_Data provided_
>>>>
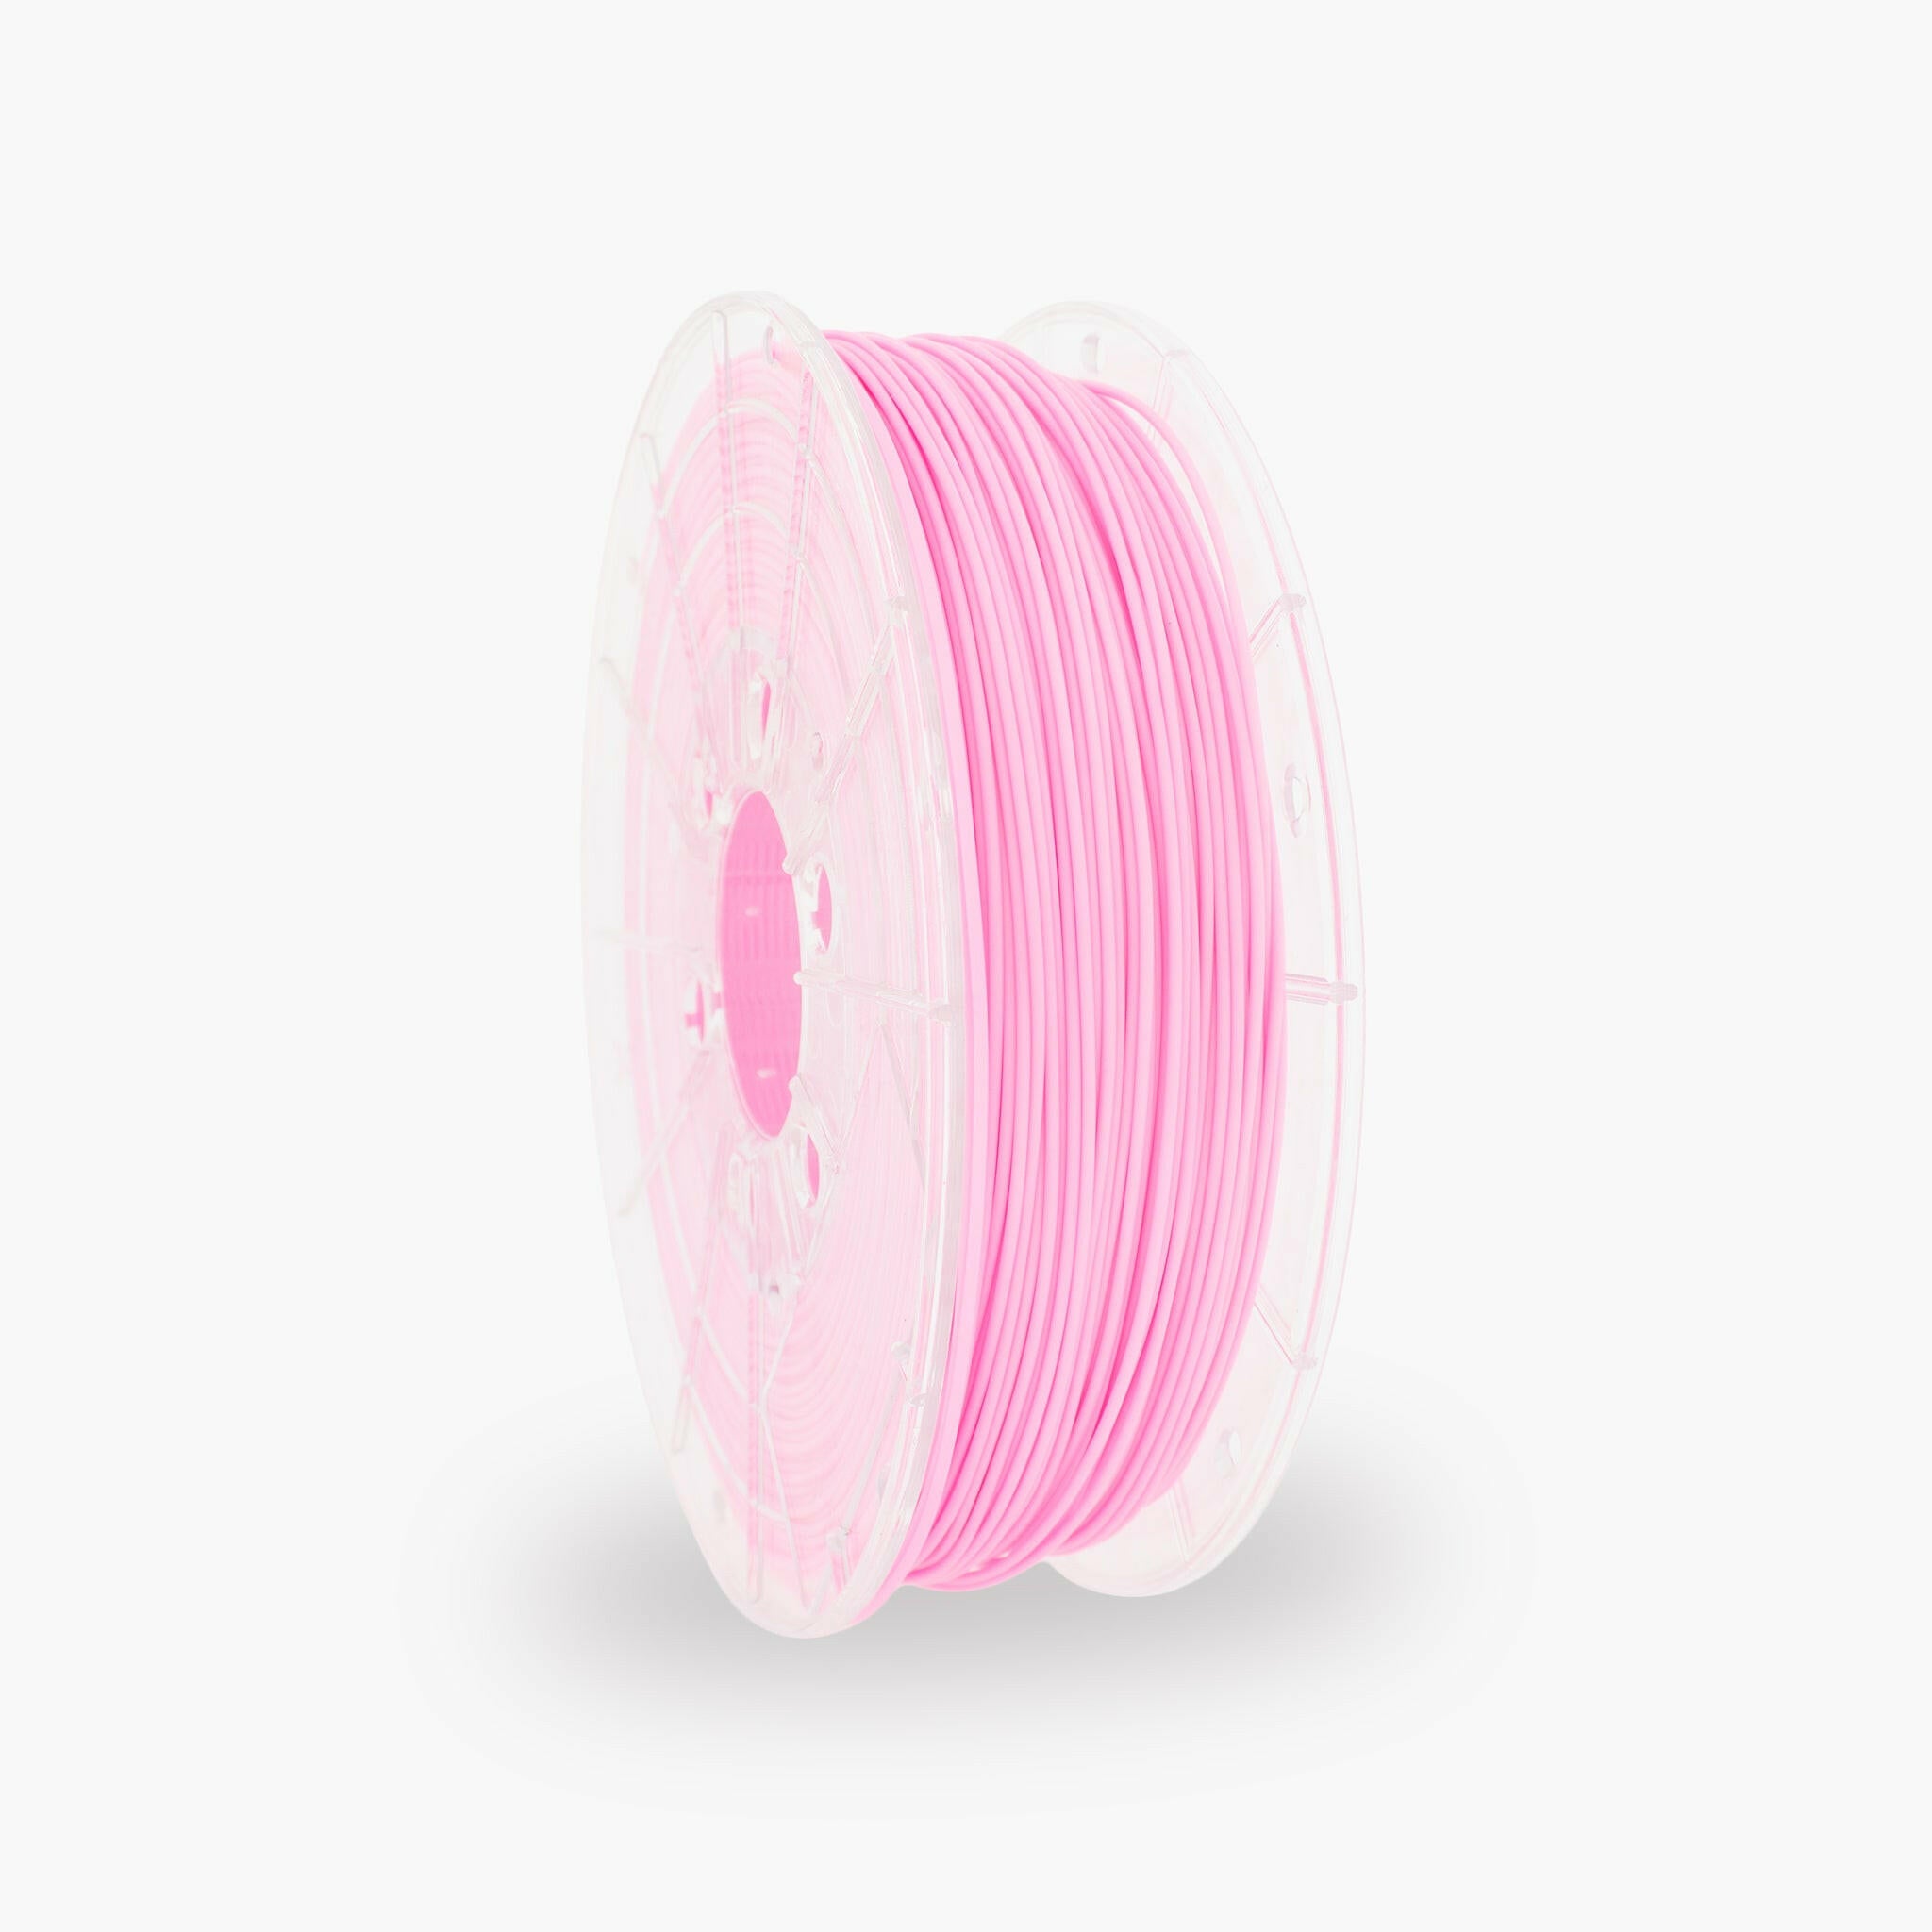 PLA Satin - Pink Sweet
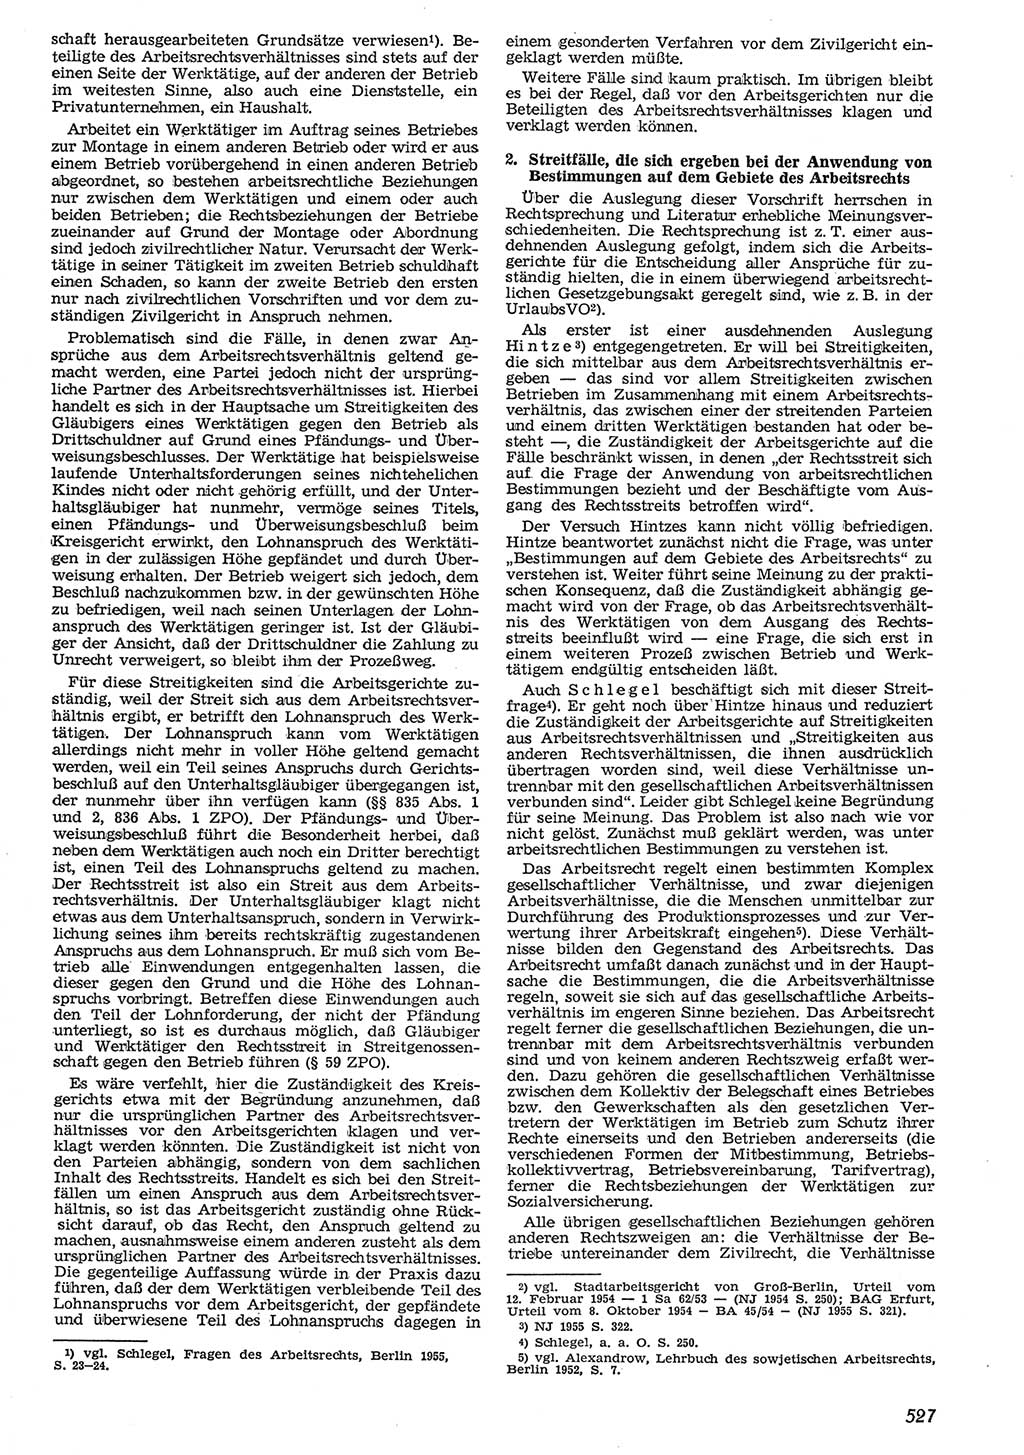 Neue Justiz (NJ), Zeitschrift für Recht und Rechtswissenschaft [Deutsche Demokratische Republik (DDR)], 10. Jahrgang 1956, Seite 527 (NJ DDR 1956, S. 527)
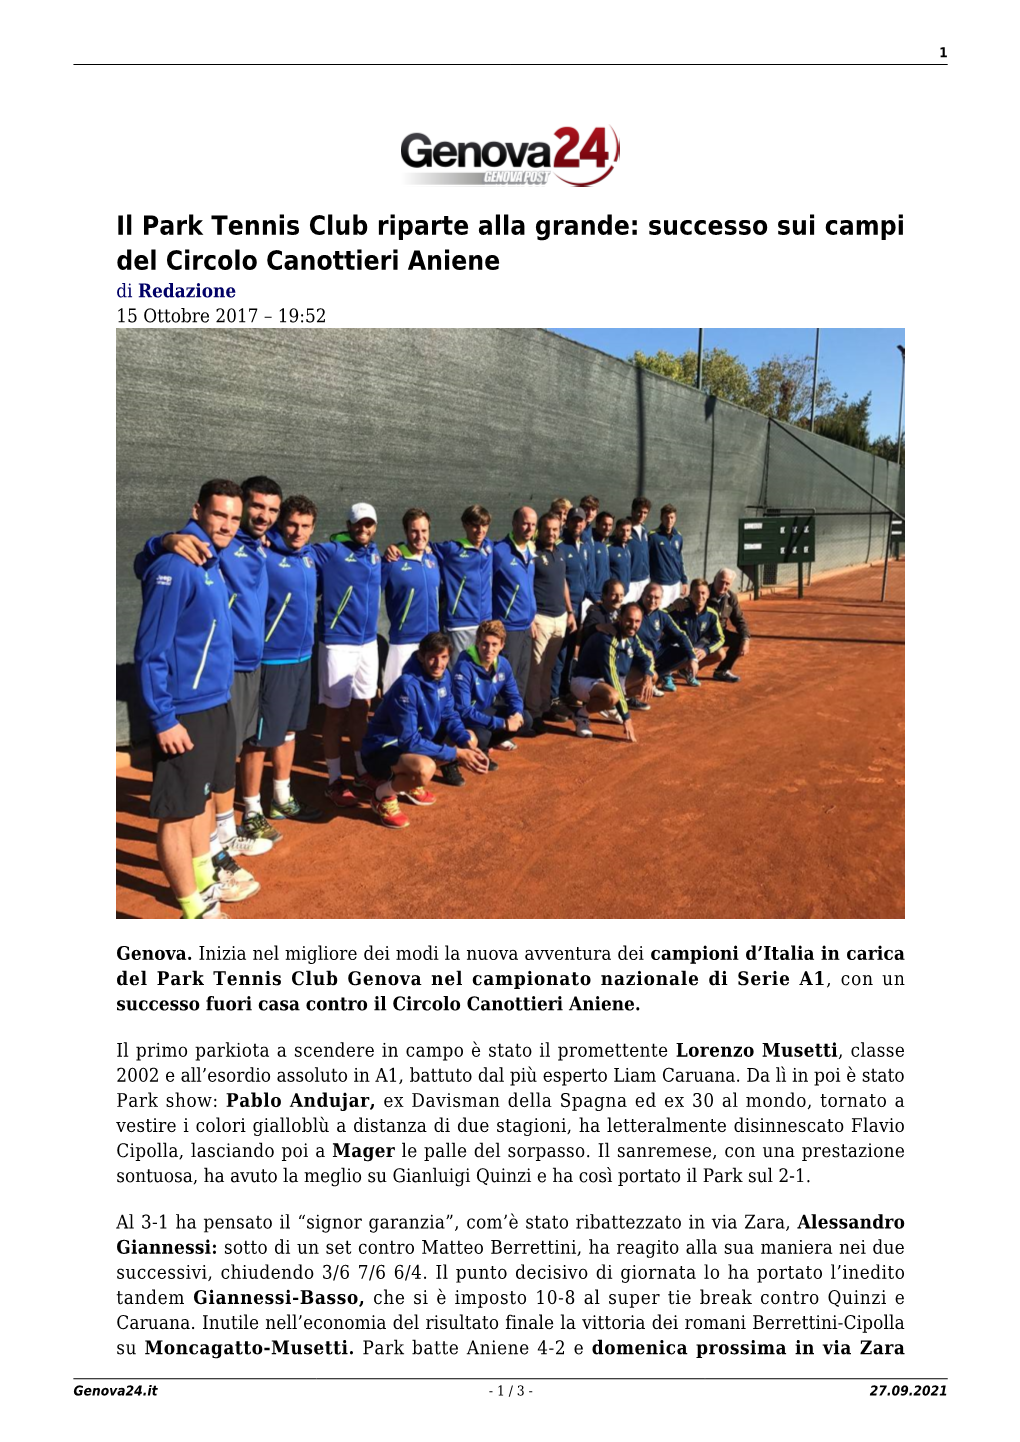 Il Park Tennis Club Riparte Alla Grande: Successo Sui Campi Del Circolo Canottieri Aniene Di Redazione 15 Ottobre 2017 – 19:52
<<<<
_What is being asked_
Set down the complete material exactly, but do not include the images.

_Answer to the problem_
 PLA Satin - Pink Sweet
 Neue Justiz (NJ), Zeitschrift für Recht und Rechtswissenschaft [Deutsche Demokratische Republik (DDR)], 10. Jahrgang 1956, Seite 527 (NJ DDR 1956, S. 527)
 Il Park Tennis Club Riparte Alla Grande: Successo Sui Campi Del Circolo Canottieri Aniene Di Redazione 15 Ottobre 2017 – 19:52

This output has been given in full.